Background/Purpose:  Monotherapy with etanercept (ETN) may be a viable therapeutic option for maintenance of patients with rheumatoid arthritis (RA) who prefer to eliminate potential burdens or side effects of combination therapy.  Our objective was to compare persistence of low disease activity (LDA)/remission in patients with RA who were on combination therapy with ETN and a conventional synthetic disease-modifying antirheumatic drug (csDMARD; most commonly methotrexate) who then either discontinued the csDMARD or continued on combination therapy.

Methods:  This analysis included RA patients from the Corrona registry during 10/1/2001–8/31/2017.  ETN monotherapy (Mono) patients were initially treated with ETN + csDMARD combination therapy, achieved Clinical Disease Activity Index (CDAI) LDA/remission (score ≤10), and discontinued the csDMARD (index visit).  The index visit for the comparator combination therapy (Combo) group (patients who continued on combination therapy) was selected as the date that had a similar time interval from the initiation visit as the Mono group.  Propensity score (PS) matching (1:2 without replacement) was used to ensure balanced groups and included variables selected a priori (baseline CDAI, RA duration, duration in LDA/remission before index) and variables not originally balanced between the Mono and Combo groups.  Cox regression was used to compare persistence in LDA/remission between the groups, overall and at specific time points, adjusted for any covariates that remained imbalanced after PS matching.  Patients were censored if disease activity increased to moderate or severe, ETN was discontinued, or a csDMARD was reinitiated (in patients in the Mono group).

Results: We identified 182 Mono and 403 Combo patients. After matching, 120 Mono and 207 Combo patients were eligible (45 on Mono had >3 years ETN before index date and could not be matched).  After PS matching, characteristics at index visit were similar between groups except prednisone dose (mean [standard deviation] 6.2 [2.6] for Mono, 4.7 [3.4] for Combo; standardized difference 0.488).  Models indicated that a substantial proportion of both Mono and Combo groups remained in LDA/remission through 24 months after the index date (Table).  The overall persistence in LDA/remission between Mono and Combo groups was not statistically different (P = 0.057).

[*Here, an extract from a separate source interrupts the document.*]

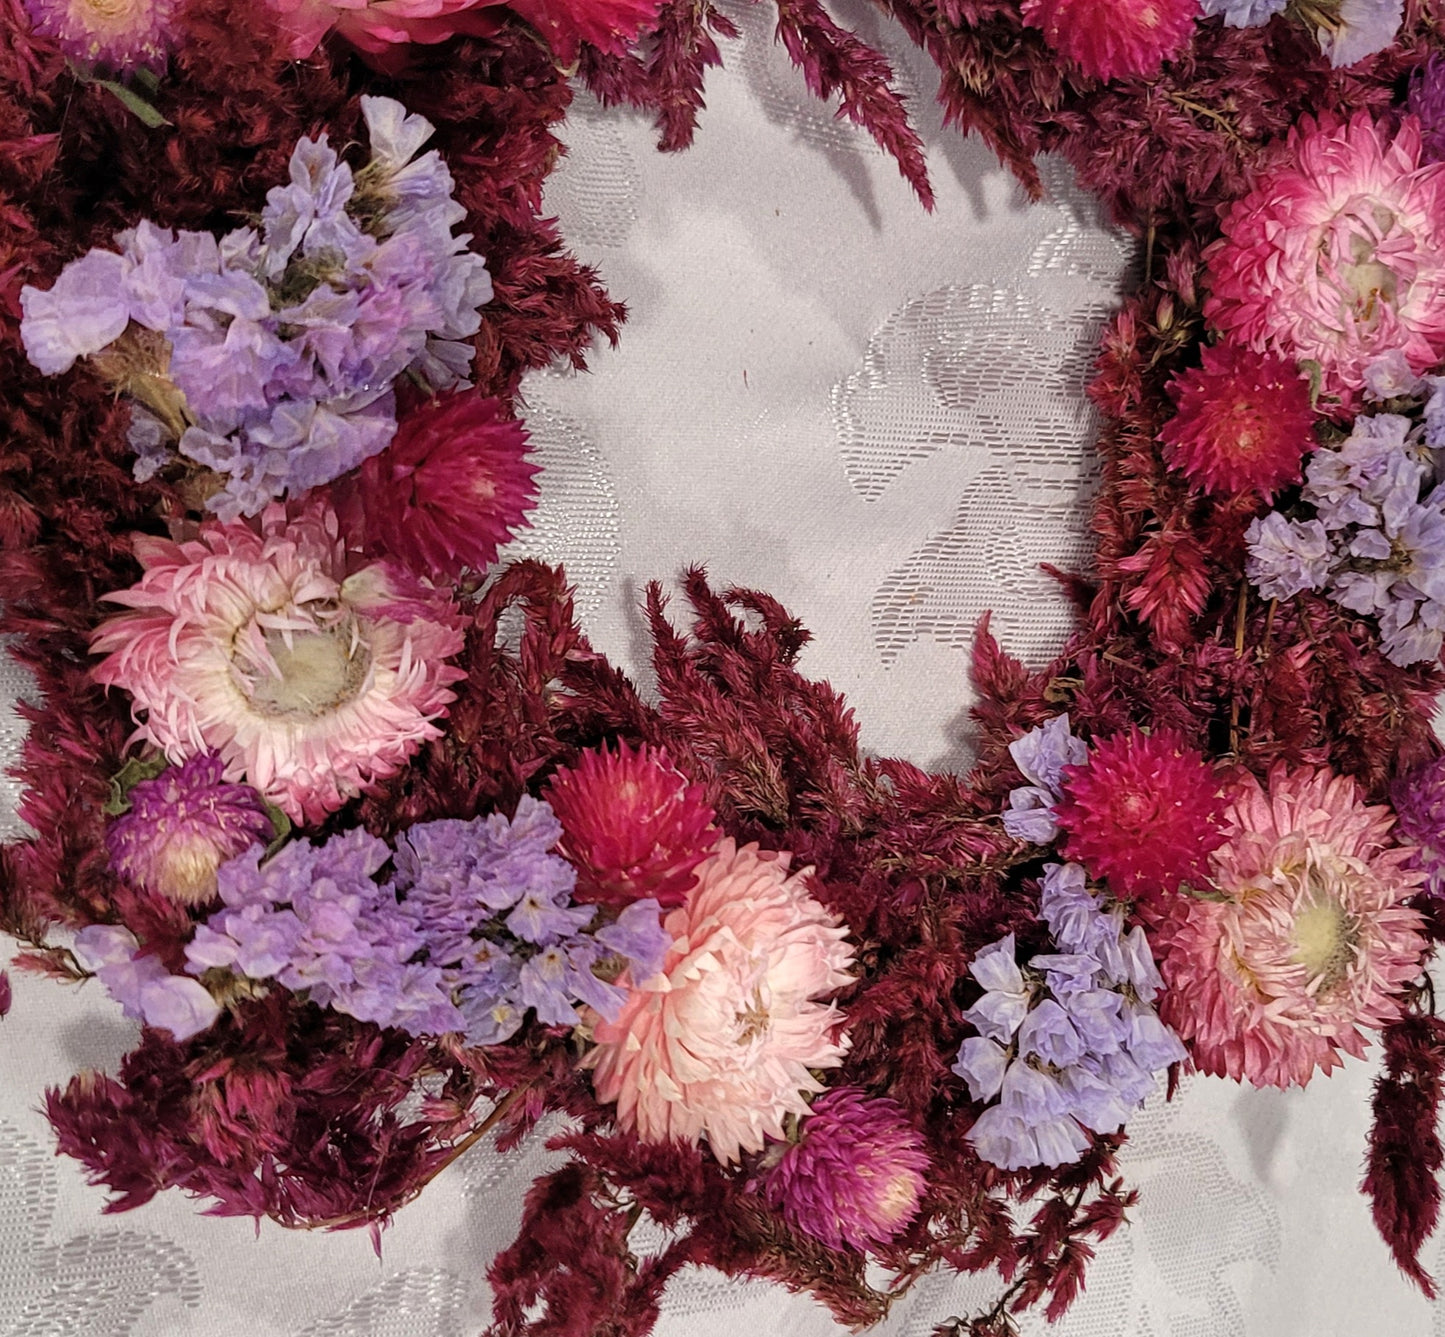 Burgundy, Pink and Lavender Wreath
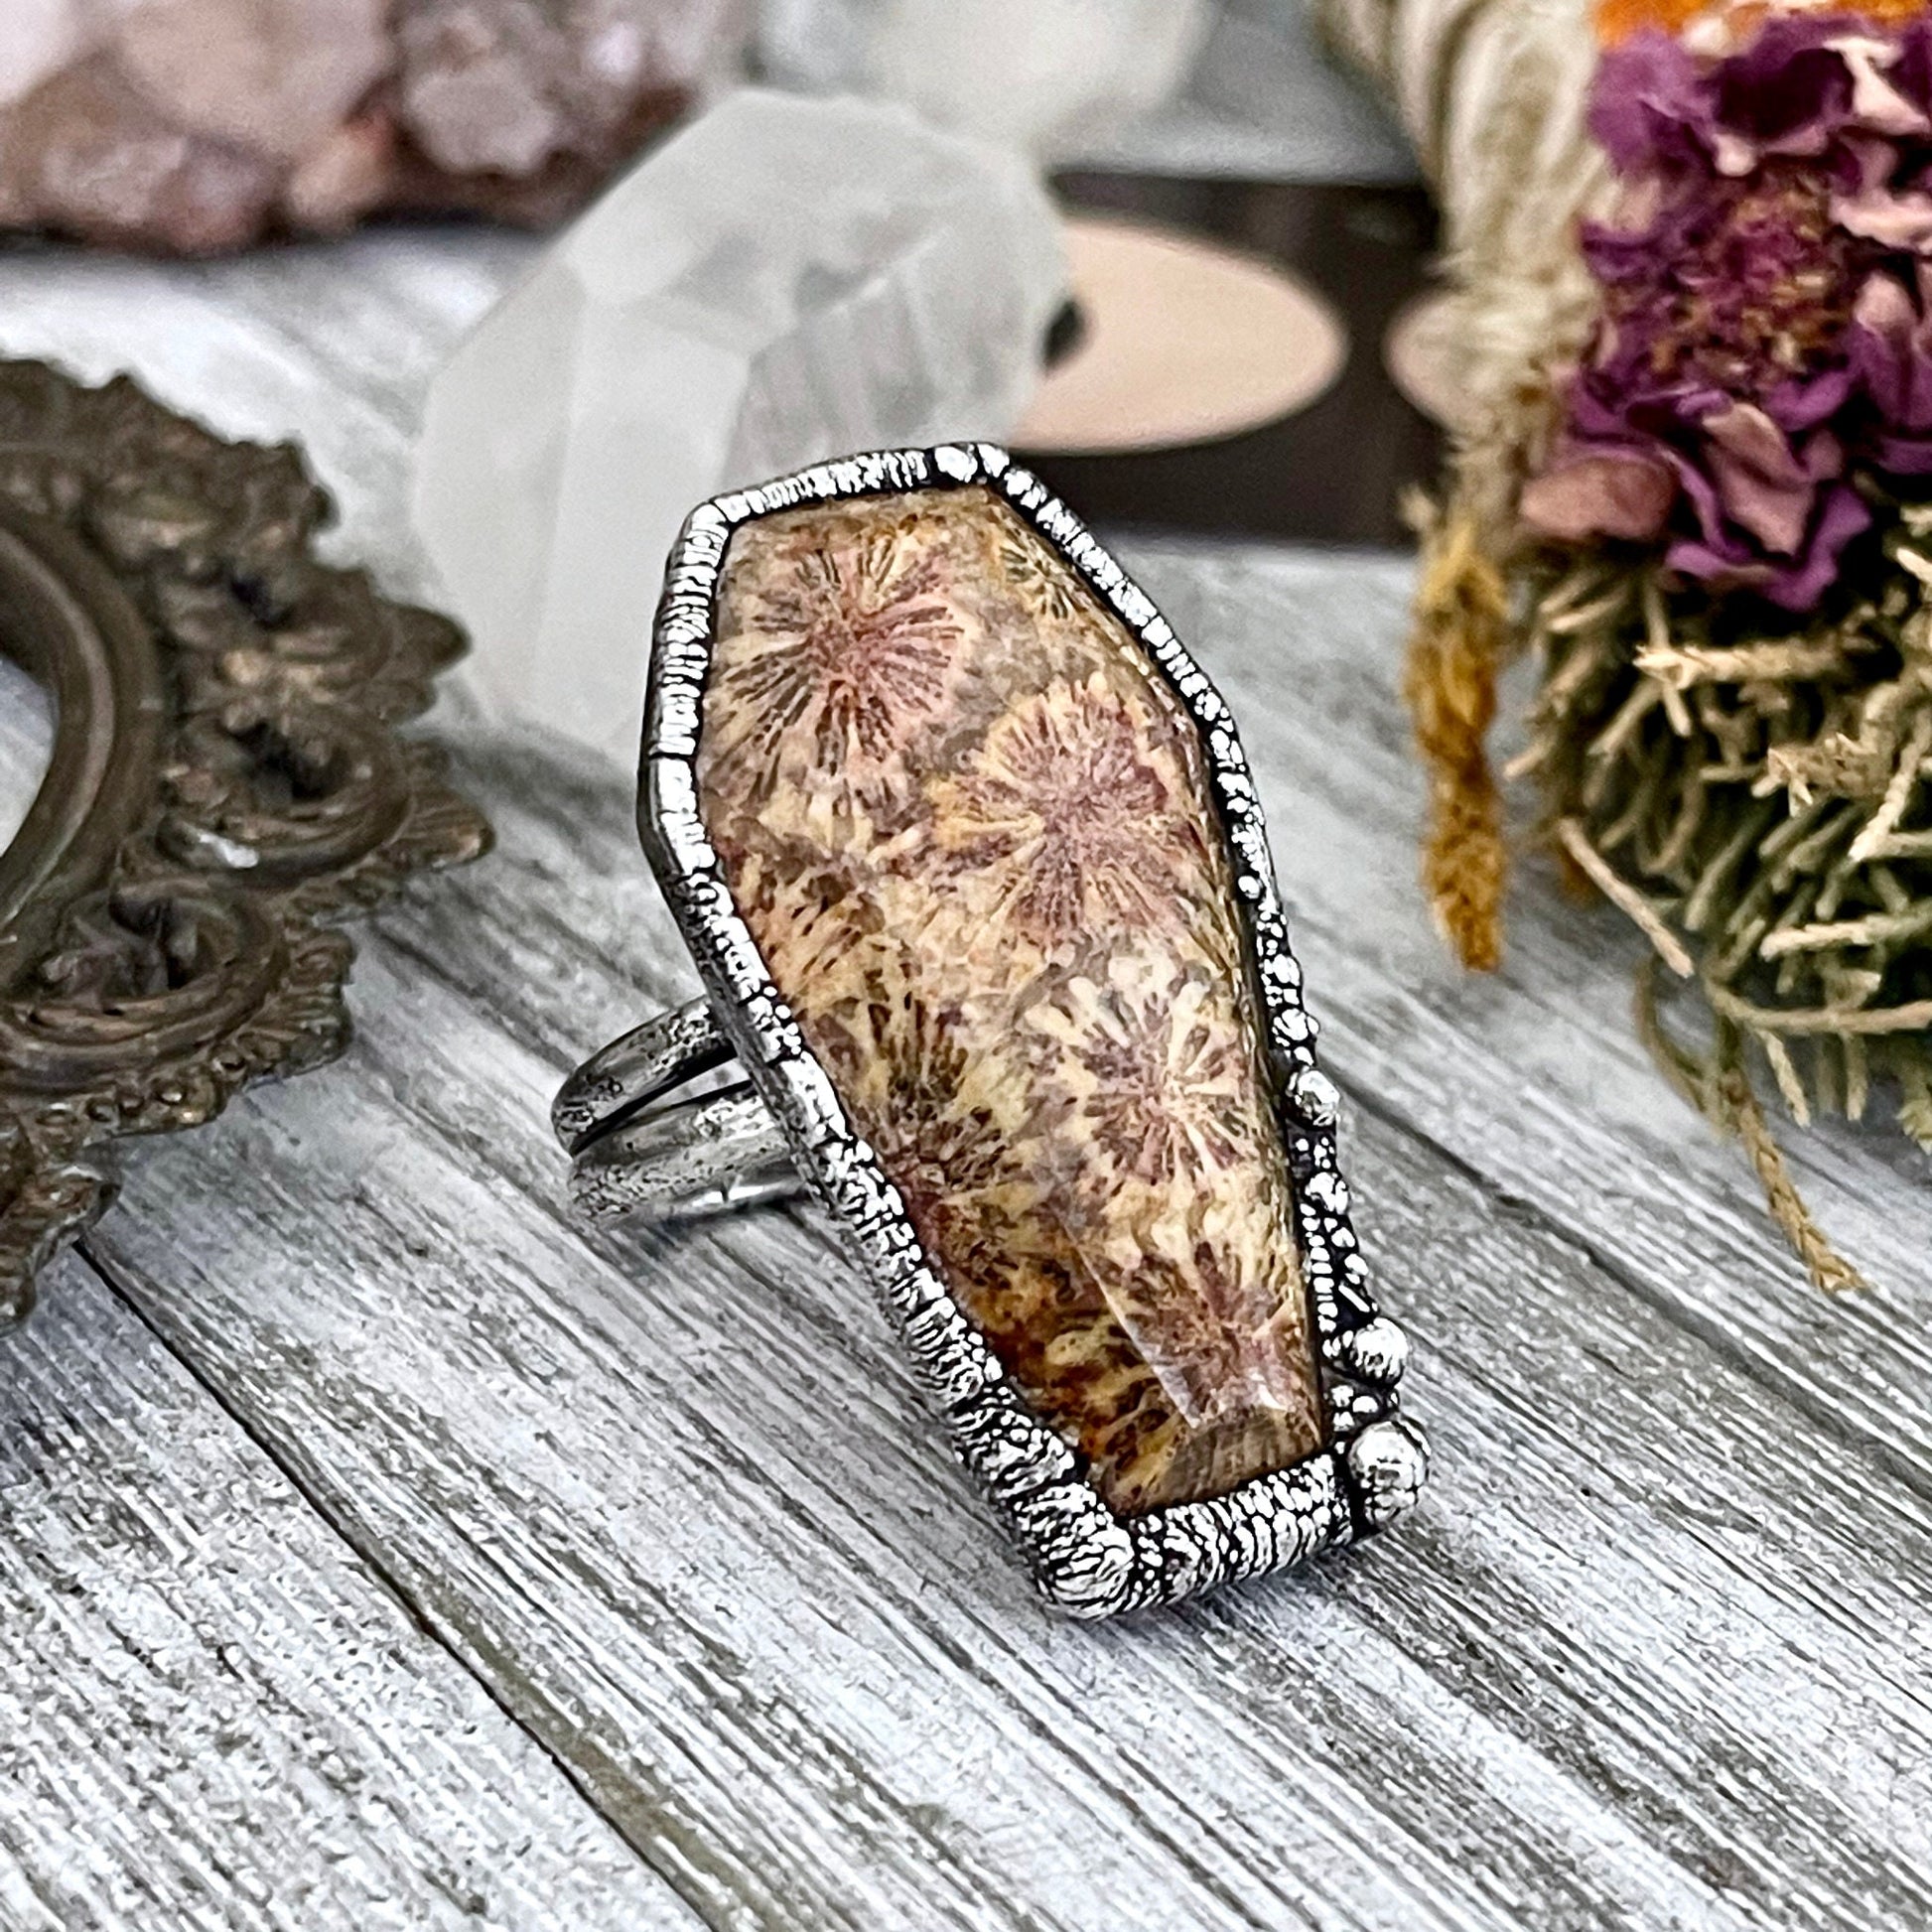 Size 8 Large Fossilized Coral Coffin Statement Ring in Fine Silver / Foxlark Collection - One of a Kind - Foxlark Crystal Jewelry

Conclusion: Approximately 3 of 4 patients with RA remained on ETN Mono and maintained LDA/remission for 2 years after csDMARD discontinuation.  Although Combo persistence was numerically greater than Mono, the high level of persistence with ETN Mono following achievement of LDA/remission and discontinuation of csDMARD suggests that ETN Mono may be a viable option for patients who cannot adhere to or tolerate csDMARDs.